About

I am a third-year Ph.D. student in Information Engineering at the University of Padova, part of the SIGNET research group, and supervised by Professor Michele Rossi. I hold a Bachelor’s degree in Mathematics and a Master’s in Data Science. My main research interest is in the field of Neuromorphic Engineering, with a focus on the development of gradient-free training strategies for Spiking Neural Networks (SNNs).

At SIGNET, my research spanned across various domains. Initially, I focused on developing deep learning architectures for human mmWave radar sensing, specifically addressing Open-Set gait recognition from mmWave point cloud traces. Over time, my interests have expanded towards energy-efficient deep learning techniques for edge computing, with projects involving Joint Communication and Sensing, federated learning, and spike encoding for Spiking Neural Networks (SNNs).

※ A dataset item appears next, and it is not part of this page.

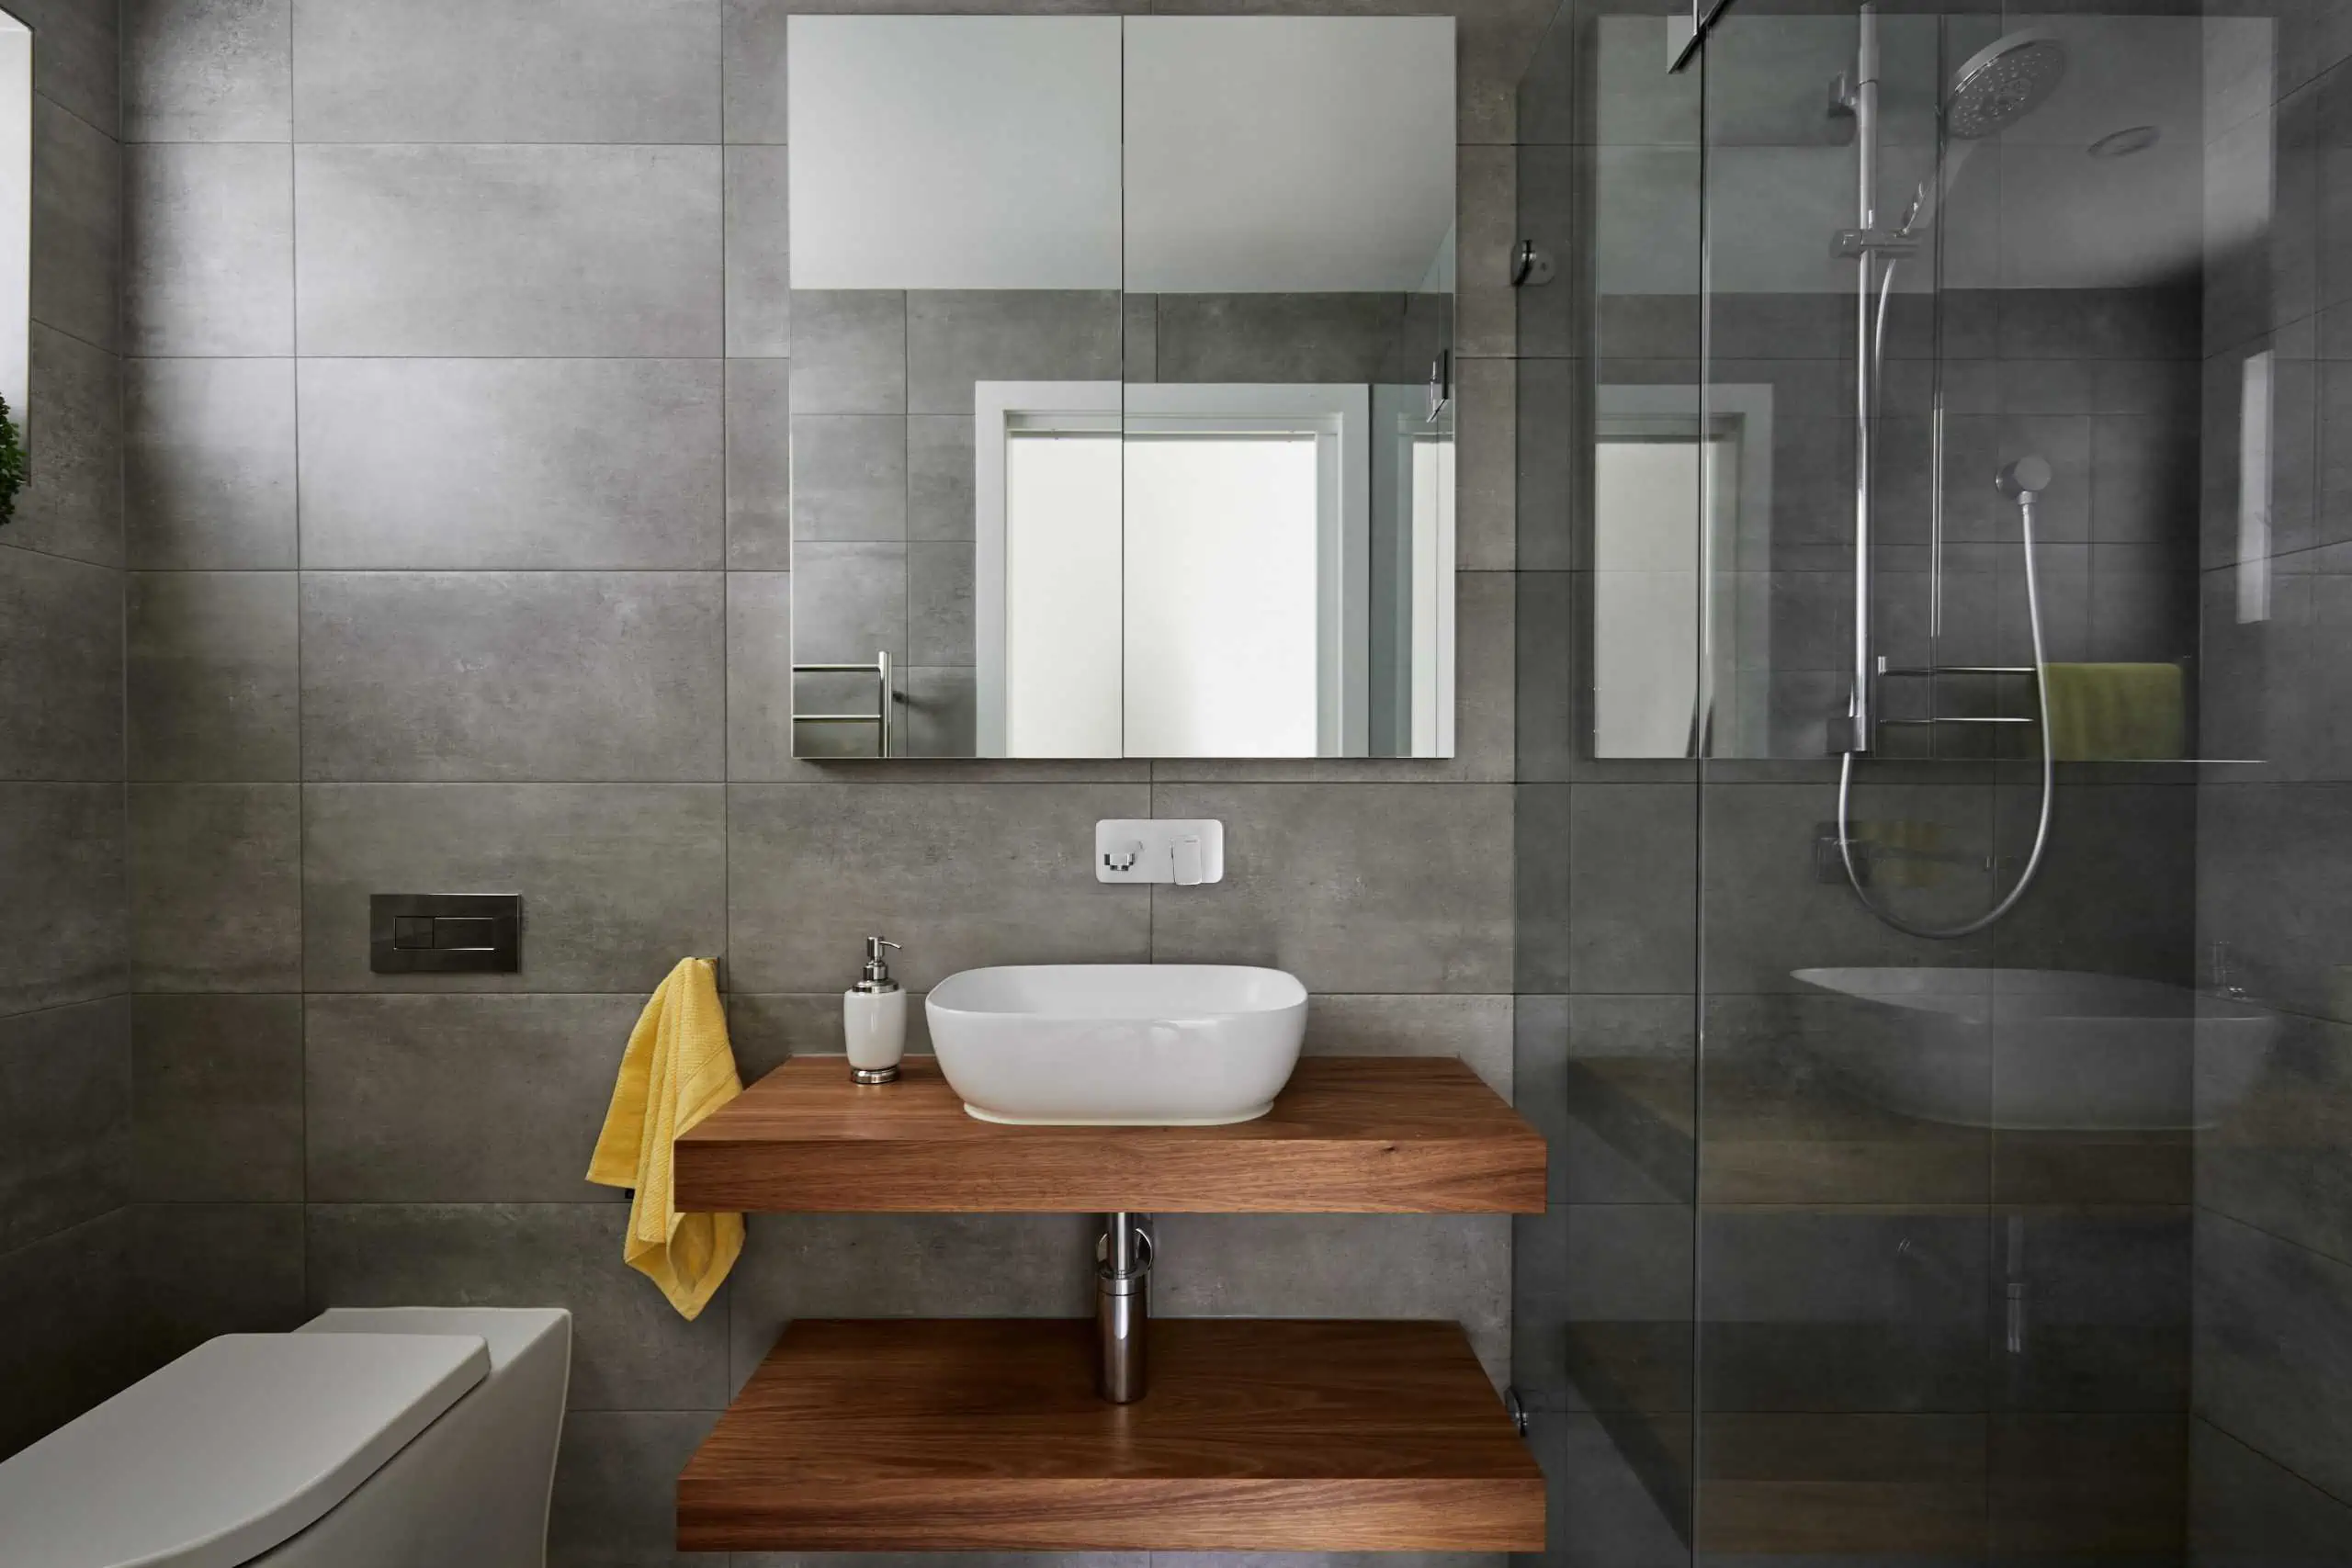 Mirrored wall unit in a modern bathroom

Currently, my primary research interests are focused on foundational methodological aspects of SNNs, particularly in exploring gradient-free training methods. I have dedicated a significant portion of my PhD to studying the foundational literature in computational neuroscience. I have explored the usage of Spike Timing Dependent Plasticity (STDP) and Reward-modulated STDP for local training of SNNs. My goal is to contribute to bridging the existing gaps the fields of neuroscience and machine learning, enabling the development of new computational models inspired by the brain’s mechanisms.

Currently, I am working on applying mathematical optimization techniques for the training of SNN models.

Previous Research Activity

I first approached machine learning during my Bachelor’s thesis, where I worked on a data-driven approach for the prediction of severe malaria cases, in a joint collaboration with Ospedale Lazzaro Spallanzani in Rome, supervised by Professor Francesco Rinaldi. Our work was later published as a journal paper.

For my Master’s thesis, I had the opportunity to work on Neural Symbolic Integration under the guidance of Professor Luciano Serafini and researcher Alessandro Daniele at Fondazione Bruno Kessler in Trento. Specifically I carried out the experimental section of “Knowledge Enhanced Neural Networks” (KENN).